Note: The x-axis plots 10 deciles of cultural distance. The y-axis plots the effects of smiles on altruistic behaviors within each decile. For the extensive-margin regression visualized in the top panel, Failure l is an indicator variable that equals 1 if the fundraising campaign for loan l fails. For the intensive-margin regression visualized in the bottom panel, Days to fundl is the number of days it takes for loan l to be funded. Smilel is the activation intensity of AU12 (the oblique widening of the lip corners) algorithmically measured from the photos of the fundraisers. Cultural distancel is the average cultural distance (Obradovich et al., 2022) between loan l’s receiver and all potential senders who are active on the Kiva platform in the year that loan l is posted.
The cultural valley suggests the existence of an optimal degree of cultural distinctiveness that enhances the communicative power of smiles. A further decomposition of the cultural-distance measure shows contemporary, secular cultural differences (e.g., interests in news, entertainment, and multinational brand engagement) are more prominent moderators of the smile effect than religious or linguistic cultural differences.
Platforms can improve fundraising outcomes by matching fundraisers with donors at optimal cultural distances, where smiles are most likely to be interpreted positively and build trust. More broadly, in the increasingly digital and global fundraising landscape, platform designs can benefit from awareness of cultural differences.
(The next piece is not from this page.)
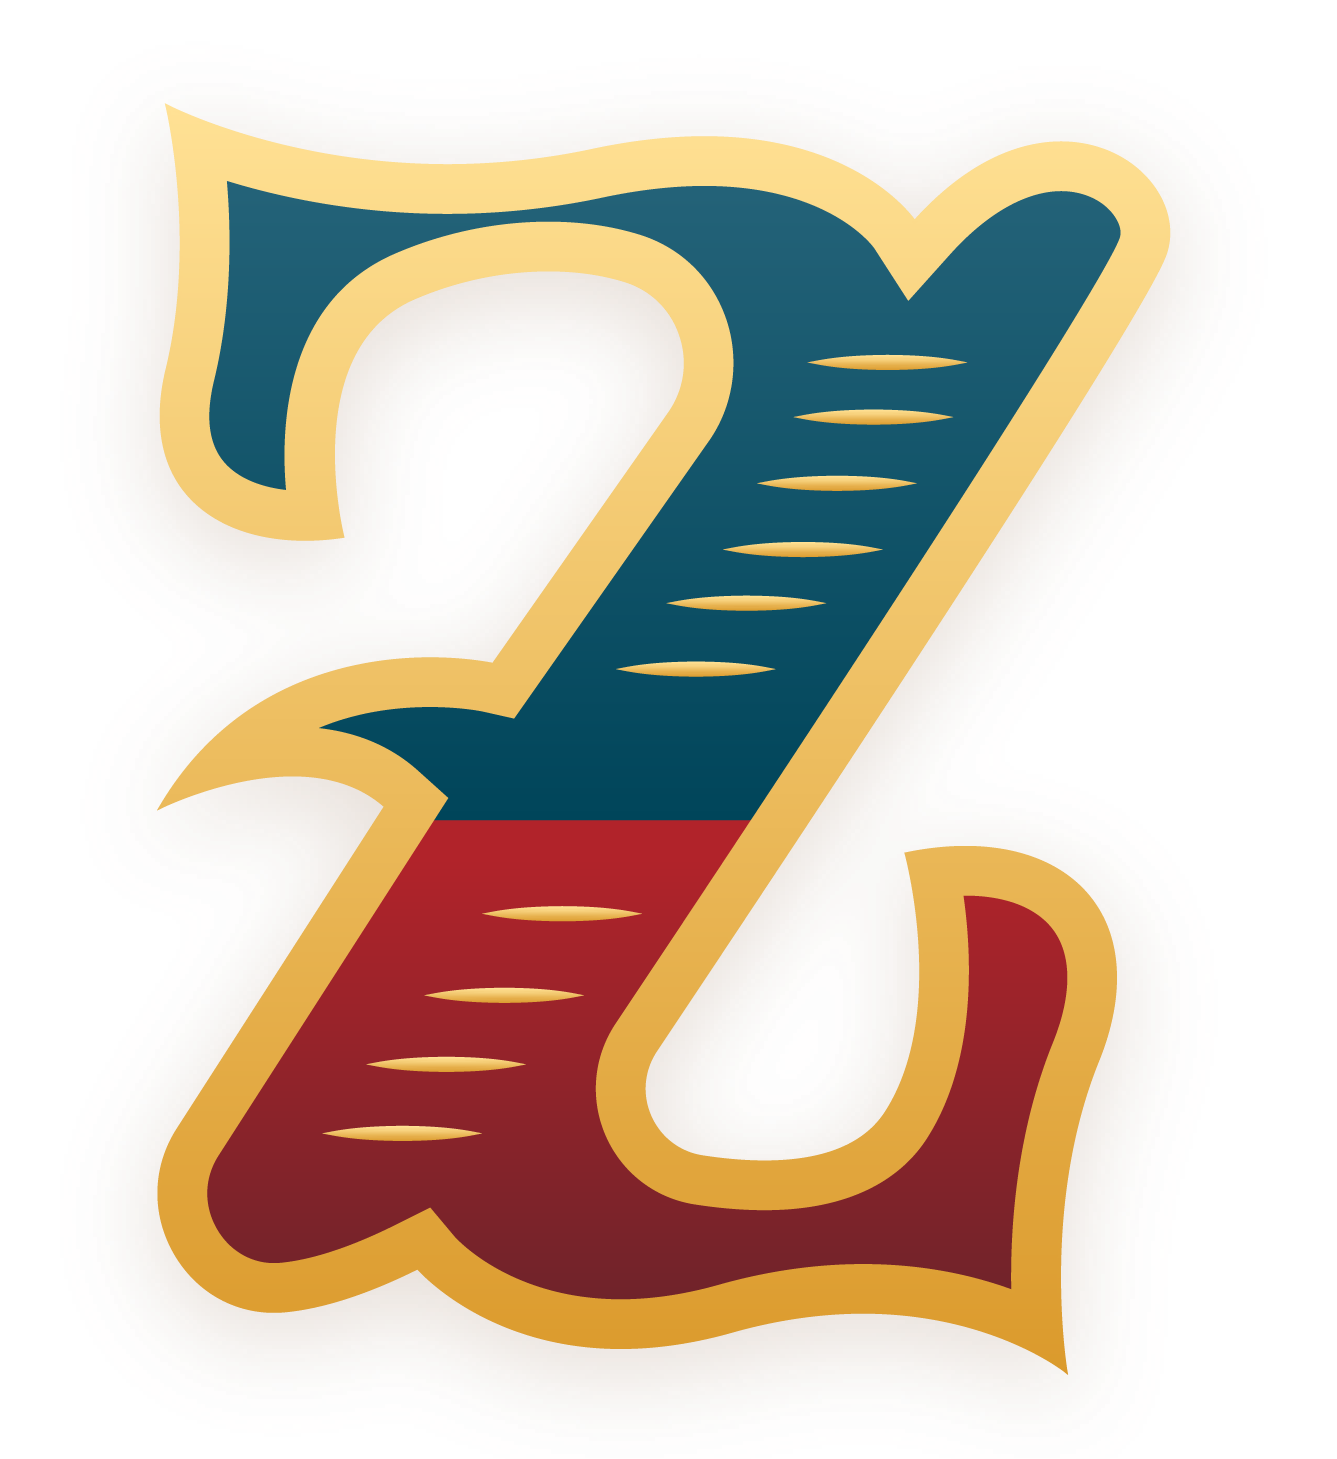 Letter Z PNG HD Free Image

Baltrusaitis, T., Zadeh, A., Lim, Y. C., & Morency, L.-P. (2018). OpenFace 2.0: Facial Behavior Analysis Toolkit. 2018 13th IEEE International Conference on Automatic Face & Gesture Recognition (FG 2018), 59–66.
Obradovich, N., Özak, Ö., Martín, I., Ortuño-Ortín, I., Awad, E., Cebrián, M., Cuevas, R., Desmet, K., Rahwan, I., & Cuevas, Á. (2022). Expanding the measurement of culture with a sample of two billion humans. Journal of The Royal Society Interface, 19 (190), 20220085.